**Raw data**.
***

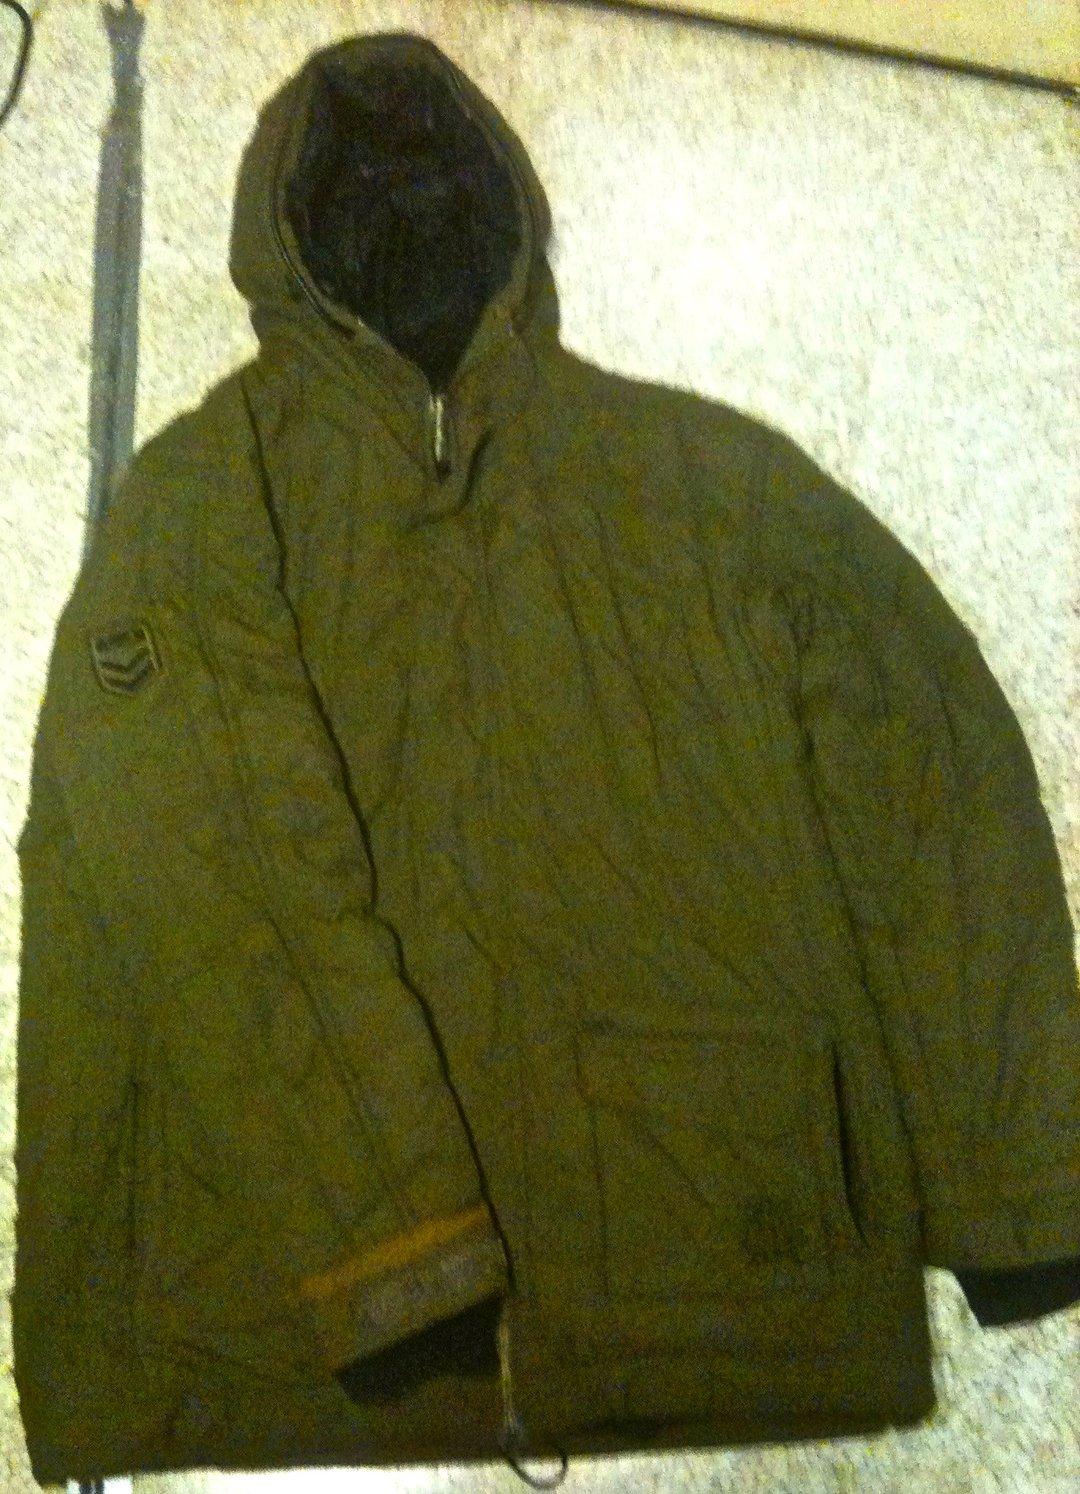 thread jacket
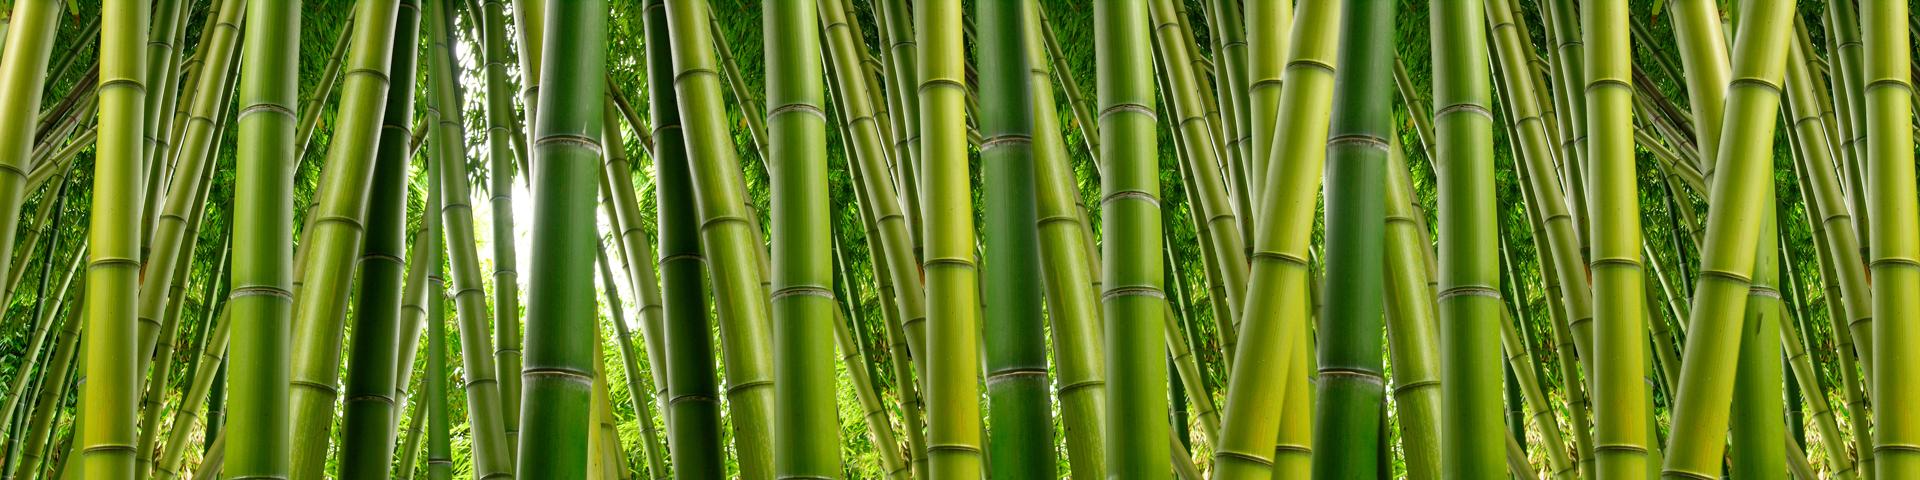 Il Bambù è una delle fibre ecosostenibili utilizzate per creare carte ecologiche e sostenibili
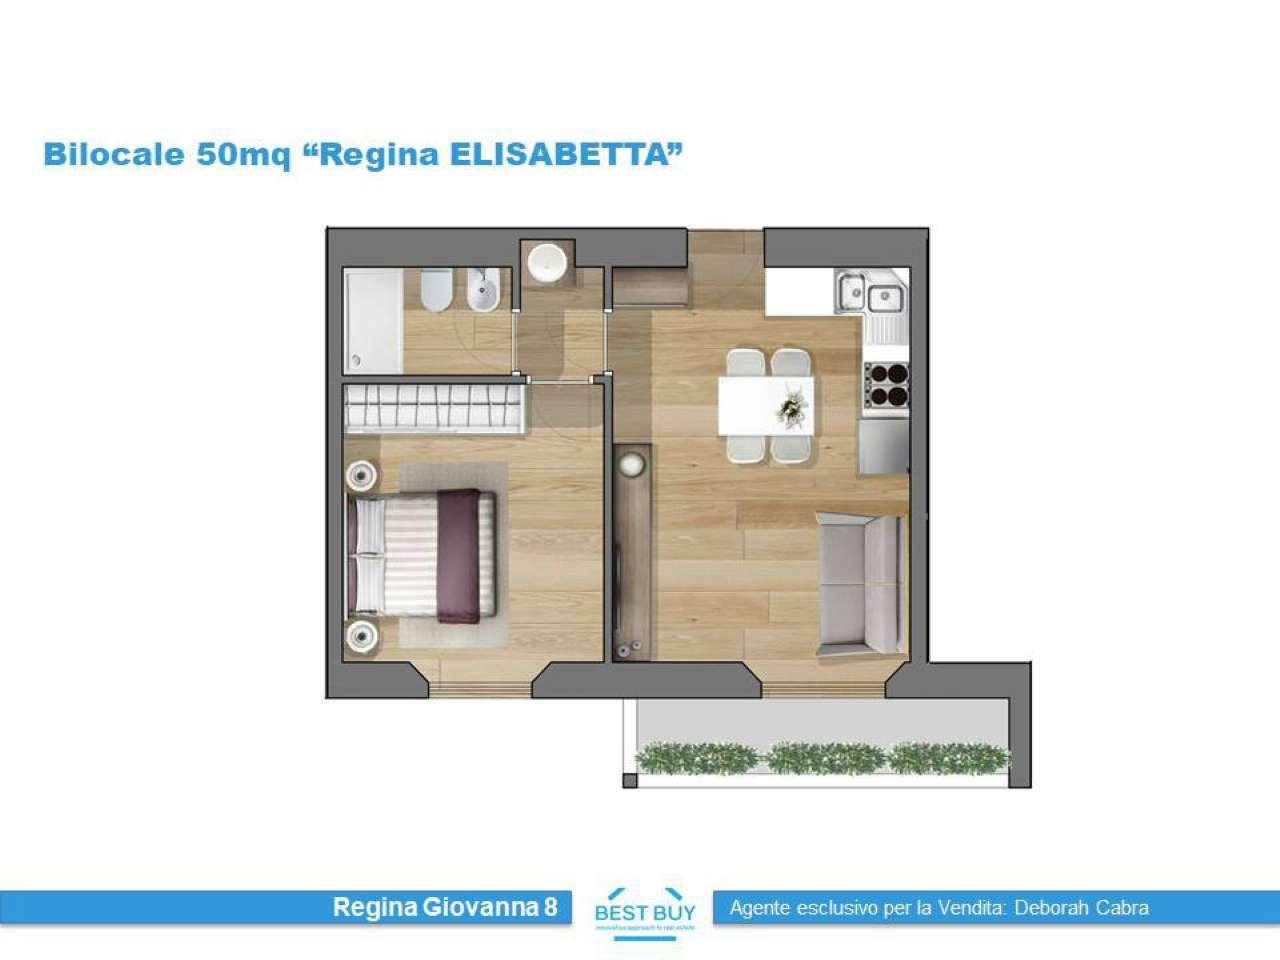 Appartamento in vendita 2 vani 45 mq.  viale Regina Giovanna 8 Milano

***

**What you have to do**. All the material above must be copied exactly, and no picture belongs in the copy.

**Result below**.
 thread jacket
 Il Bambù è una delle fibre ecosostenibili utilizzate per creare carte ecologiche e sostenibili
 Appartamento in vendita 2 vani 45 mq.  viale Regina Giovanna 8 Milano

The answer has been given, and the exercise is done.